Señaló que los esfuerzos de los grupos de poder del país norteño para «revertir los procesos revolucionarios, para fortalecer sus intereses en la región», implican promover el ascenso de una nueva derecha, contener la ascendencia de los países de la Alianza Bolivariana para los Pueblos de Nuestra América (ALBA), y derrotar las experiencias progresistas y revolucionarias en Venezuela, Nicaragua, Bolivia, Ecuador, Cuba.

Recordó así las fallidas intentonas golpistas en Venezuela, Honduras y Ecuador, y las asonadas perpetradas en Honduras primero y ahora en Paraguay.

EE.UU. siempre con vocación imperialista

Balaguer reiteró que el Partido Comunista de Cuba reafirma que hechos como los ocurridos en Paraguay pretenden frenar los procesos de cambio progresistas y de genuina integración latinoamericana y caribeña.

Este golpe —expuso— se suma a la larga lista de atentados contra nuestros pueblos, detrás de los cuales siempre está EE.UU.

«La forma ambigua y velada con que Estados Unidos conduce su ofensiva política y militar contra América latina no contradice su vocación imperialista», explicó.

El dirigente cubano señaló que las bases militares en Colombia y Panamá, el relanzamiento de la IV Flota, el apoyo a los golpes de Estado, su alto presupuesto militar, reafirman que Washington está rearticulando una estrategia hegemónica para Latinoamérica como parte de su ofensiva de dominio mundial.

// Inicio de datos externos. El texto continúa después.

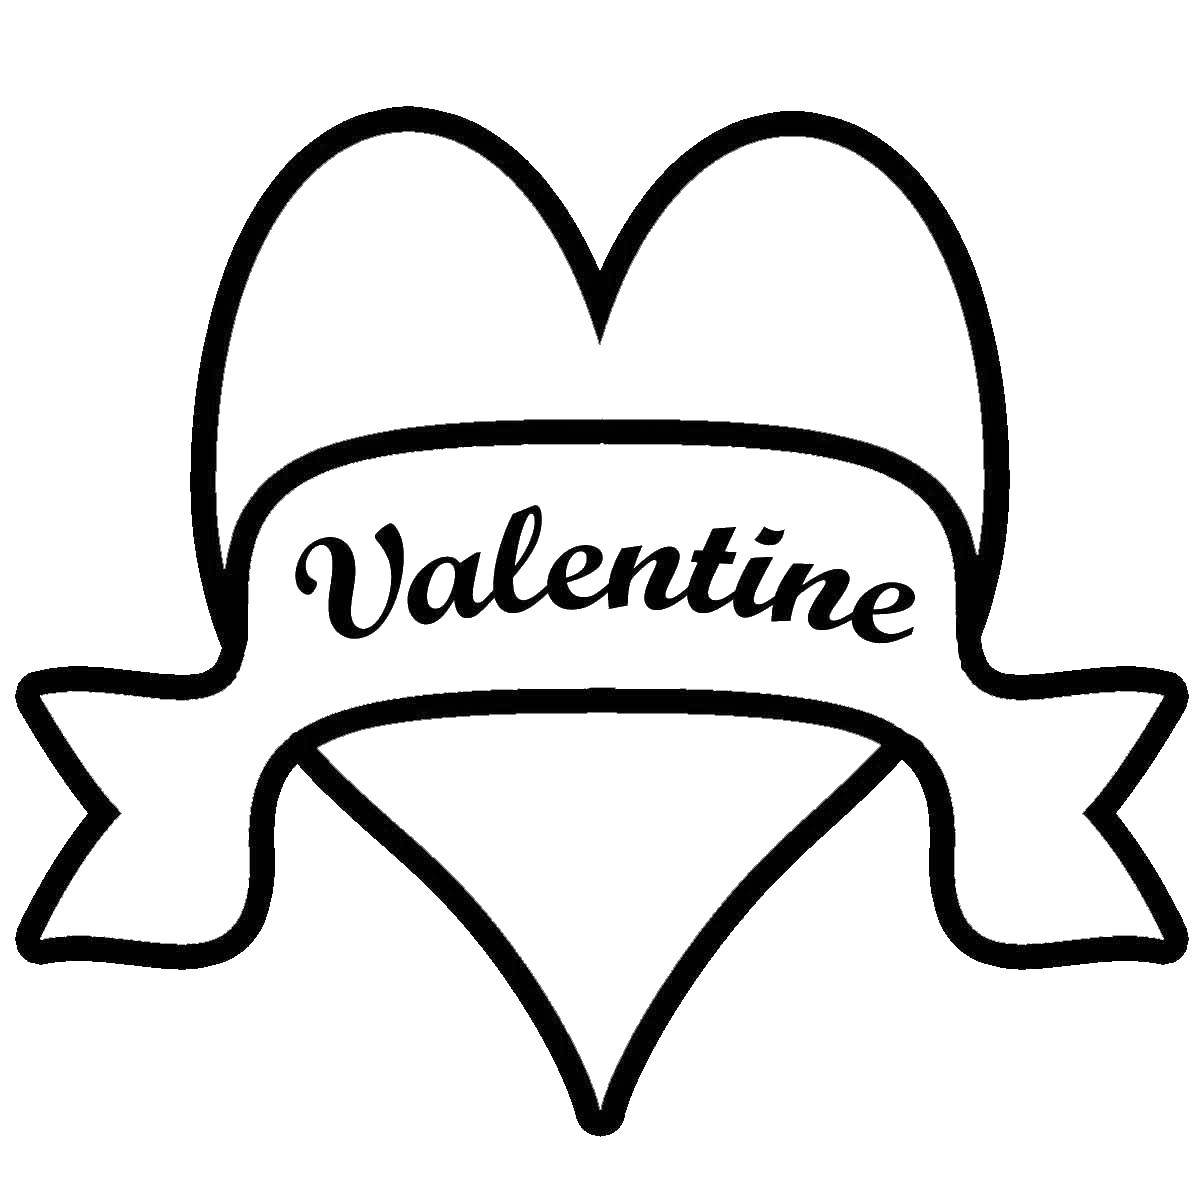 Coloring День святого валентина. Category праздник. Tags:  праздник, день Святого Валентина, любовь, сердце.

La disyuntiva de Nuestra América, señaló el miembro del Secretariado del Comité Central del PCC, sigue siendo o hegemoía imperial y recolonización o verdadera independencia y cambios sociales.

Junto a las revoluciones

Al destacar el empuje de la izquierda en la región, Balaguer puso como ejemplo que «la estrategia de aislamiento contra Cuba está en franco retroceso, es un fracaso, incluso en escenarios como la OEA y las llamadas Cumbres de América».

No obstante, indicó que en los actuales tiempos «se va demostrando como nunca antes que organizaciones como la OEA no representan los intereses de nuestros pueblos», por lo que, añadió en otra parte de su discurso, en los próximos años los procesos progresistas y revolucionarios tendrán que enfrentar unidos grandes desafíos.

El Jefe del Departamento de Relaciones Internacionales señaló así que actualmente se articula una alianza imperialista internacional contra Venezuela y los países del ALBA.

El imperialismo —indicó— conoce que Venezuela, bajo el liderazgo de Chávez, es una incalculable reserva material y espiritual para los cambios y la integración de los pueblos latinoamericanos, así como una extraordinaria bandera de las luchas políticas e ideológicas internacionales contra el imperialismo y a favor del socialismo.

«Es preciso —agregó— estar alerta ante los planes subversivos contra la Revolución Bolivariana, así como ante las presiones para socavar el apoyo popular a los países del ALBA, que son el objetivo primero de EE.UU.

Balaguer explicó que la solidaridad con el proceso venezolano debe ser vital, por lo que llamó a una concertación progresista y revolucionaria internacional para la defensa de la Revolución Bolivariana y su presidente Hugo Rafael Chávez Frías.